The Grimethorpe Colliery Band is a brass band, based in Grimethorpe, South Yorkshire, England. It was formed in 1917, as a leisure activity for the workers at the colliery, by members of the disbanded Cudworth Colliery Band. Along with the Black Dyke Mills Band, the band became the first to perform at the Proms. Grimethorpe Band achieved worldwide fame after appearing in the film Brassed Off.

History
The year after the band's formation saw it enter its first competition at Belle Vue in Manchester. Its first radio broadcast was in 1932 and from 1941 to 1951 it was on UK national radio every month.

George Thompson was musical director from the early 1950s until 1972 during which time the band won the British Open Contest for the first time. Thompson was followed by Elgar Howarth as Professional Conductor and Musical Director. 1974 saw the band, along with Black Dyke Mills Band, become the first to perform at the Proms.

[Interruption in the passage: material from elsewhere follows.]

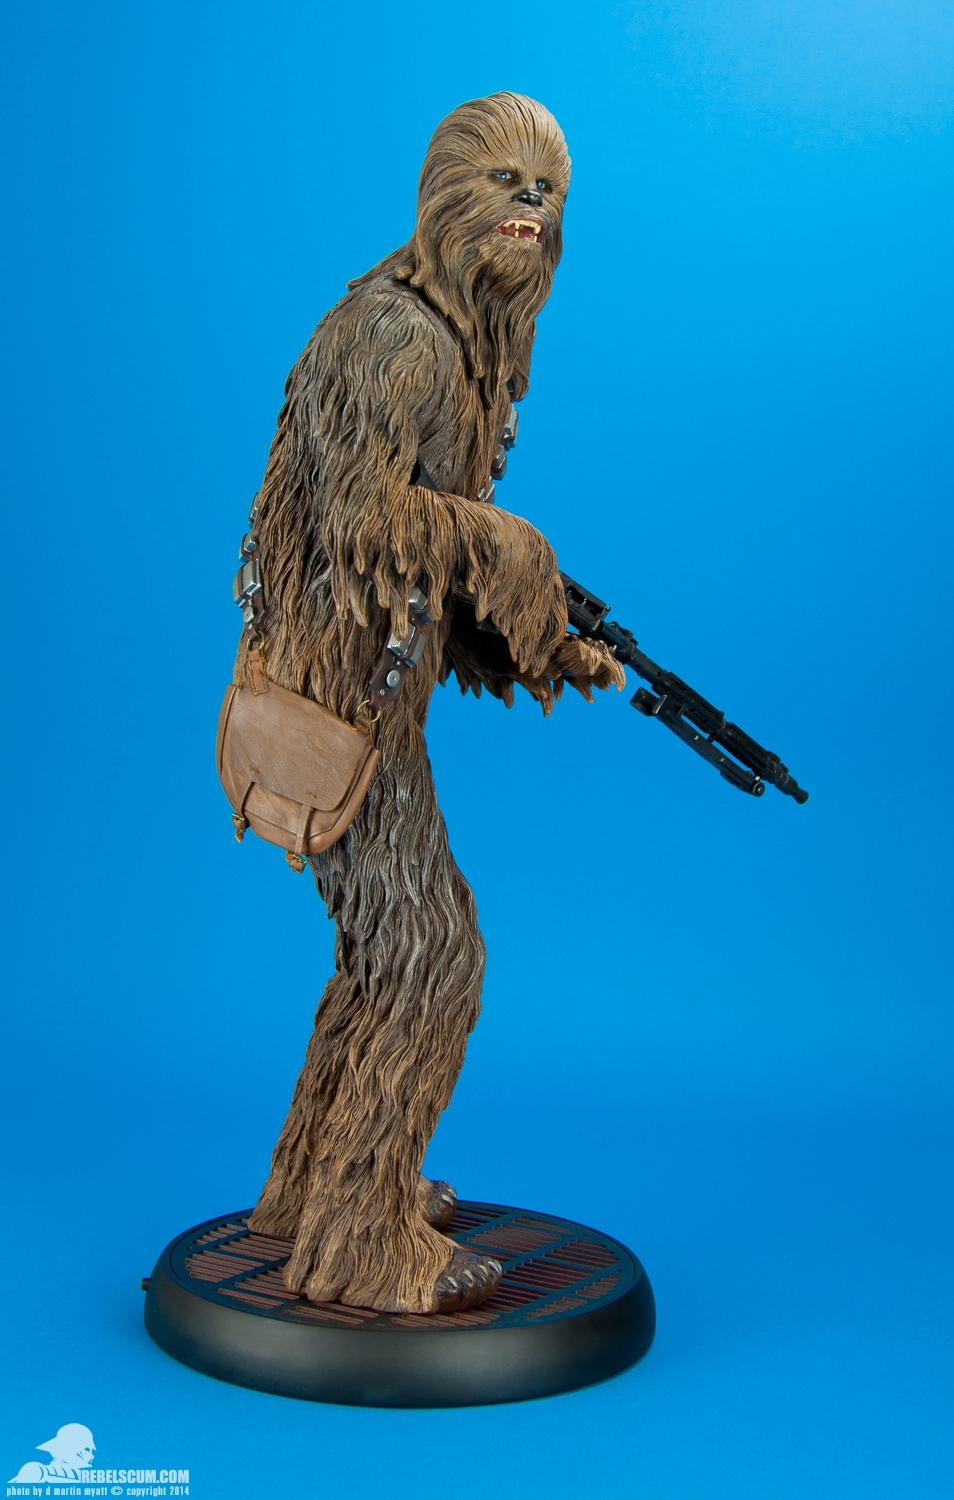 Chewbacca-Premium-Format-Figure-Sideshow-Collectibles-Exclusive-006.jpg

The band continued through the industrial troubles of the 1980s and the closure of Grimethorpe Colliery on 13 October 1992. The band gained first place with 99 out of 100 on 17 October 1992 in the National Brass Band Championship at the Royal Albert Hall in London.

Following the closure of the Grimethorpe Colliery in 1993, the Band was sponsored by RJB Mining (later UK Coal plc) and then by Powerfuel.

Premieres
The Grimethorpe Colliery Band has premiered some of the most important brass music of the 20th century, including Sir Harrison Birtwistle's Grimethorpe Aria, written for the band, and Hans Werner Henze's Ragtimes and Habaneras as well as several pieces by Sir Malcolm Arnold.

Rock and pop
The band has appeared on rock and pop records, notably "When an Old Cricketer Leaves the Crease", on Roy Harper's 1975 HQ album, and Peter Skellern's 1978 and 1979 albums Skellern (including the hit single "Love Is the Sweetest Thing") and Astaire. In 1976, the band assisted comedian Max Bygraves in recording a song specially commissioned by the National Coal Board called "Do It The Safety Way", in order to promote safety procedures in coalmines.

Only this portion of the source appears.